The only highway connecting Tofino and Ucluelet, B.C. with the rest of Vancouver Island will remain closed for six hours every weekday into next spring, the province has announced.

The daily closures have been in place since 2020 when the road construction near Kennedy Lake was supposed to have been completed.

Currently, the highway is closed between 5 a.m. and 7 a.m. and again between 11 a.m. and 3 p.m. Monday to Friday.

Outside of those times, including all day on weekends, traffic is stopped at the site until the top of each hour when single-lane alternating traffic is allowed to clear the work zone before closures resume for 30 to 45 minutes.

That schedule will remain in place through the winter and into next spring, the B.C. Transportation Ministry announced Thursday.

The closures are to allow for rock blasting as the highway is widened and straightened through the area.

"Blasting is limited to daylight hours due to continuing safety and predictability issues with the outer face of the bluffs," the province said in a statement. "Local residents have confirmed that maintaining the current daytime closure schedule impacts daily routines, businesses and tourism operations the least."

HOLIDAY SCHEDULE

The province says the daily closures will be temporarily suspended during the holidays.

There will be no prolonged closures between Dec. 18 and Jan. 3, 2022, but the single-lane alternating traffic clearances will continue.

The daytime closure schedule will resume on Jan. 4.

The Kennedy Lake construction project was originally scheduled for completion in summer 2020 at a cost of $38.1 million.

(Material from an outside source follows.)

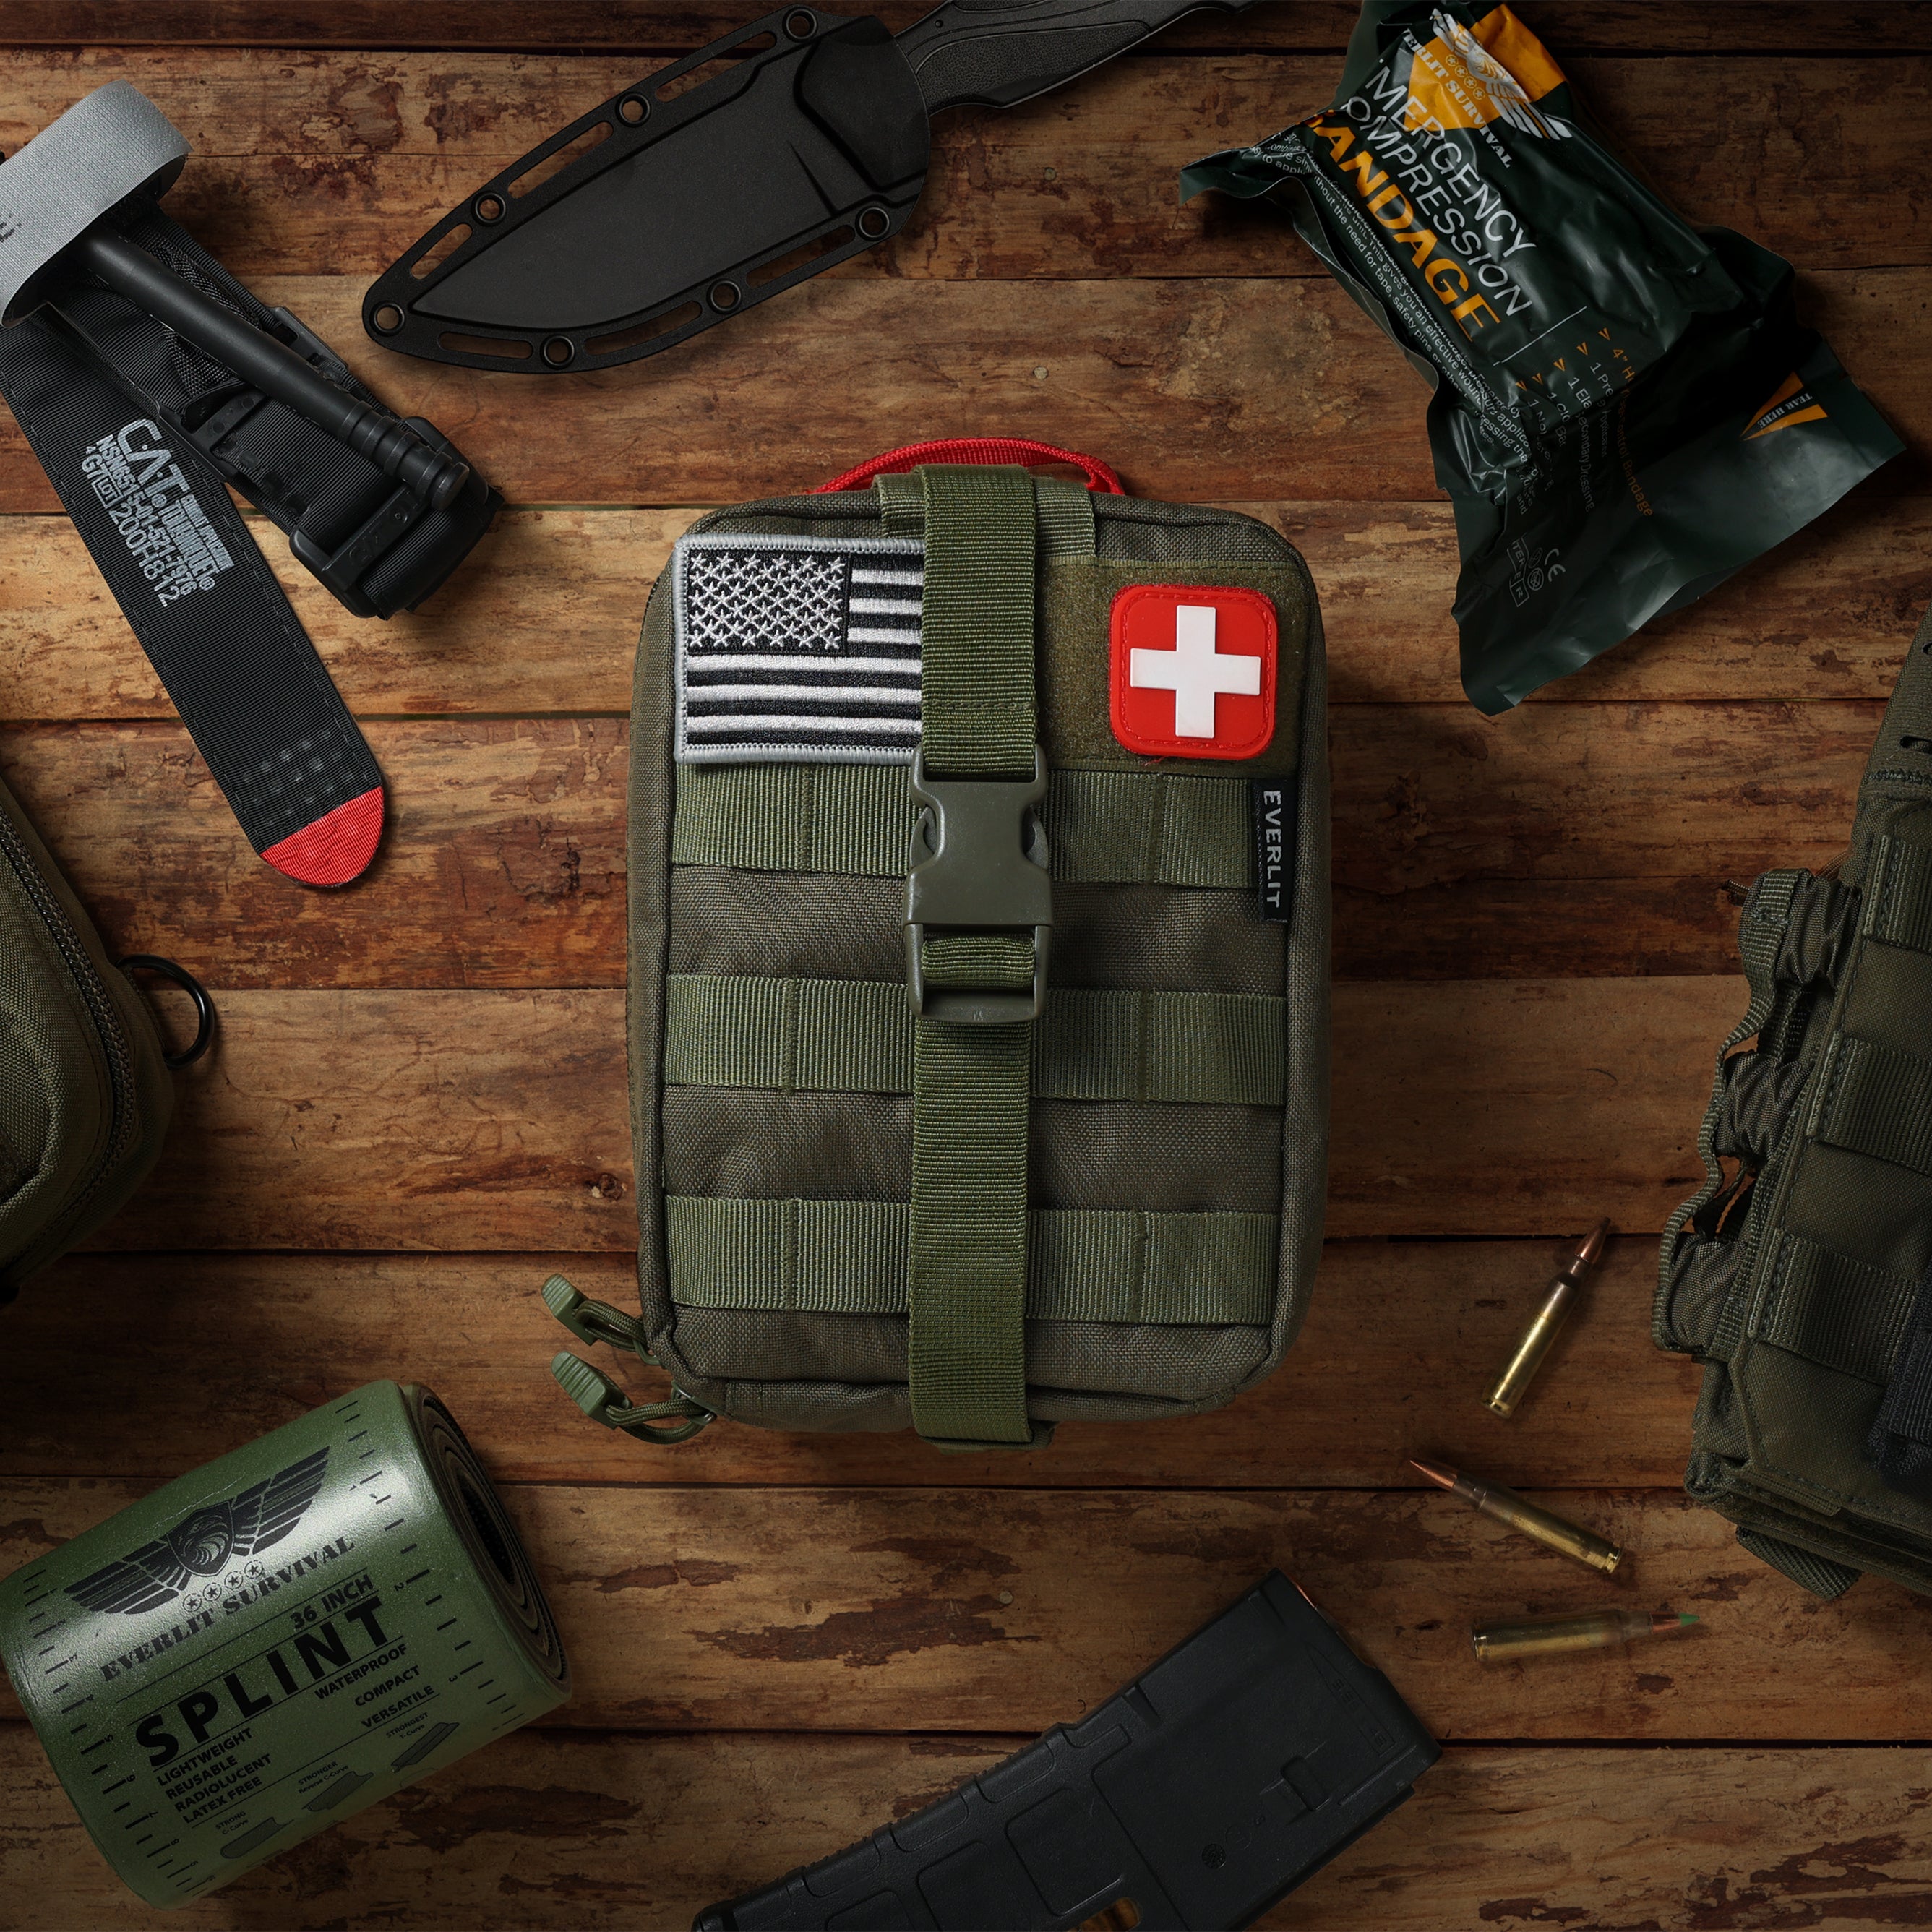  Everlit Kit de emergencia de trauma con torniquete de aluminio  de 36 pulgadas, férula táctica de combate militar IFAK para respuesta de  primeros auxilios, heridas críticas, disparos de pistola, estallidos,  control

The cost has since grown to $53.9 million, with an estimated completion date of summer 2022.

Early last year, blasting at the site triggered a rockslide that cut off access to Tofino and Ucluelet for a weekend.

"A variety of factors, including the challenges presented by the COVID-19 pandemic, the need for smaller blasts due to the nature of the fractured bedrock, increased environmental protections, and the repairs to Highway 4 resulting from blasting damage at the project site in January 2020 have contributed to a new projected project completion date and increase in budget," the province says.

The ministry estimates the construction is now 75 per cent complete.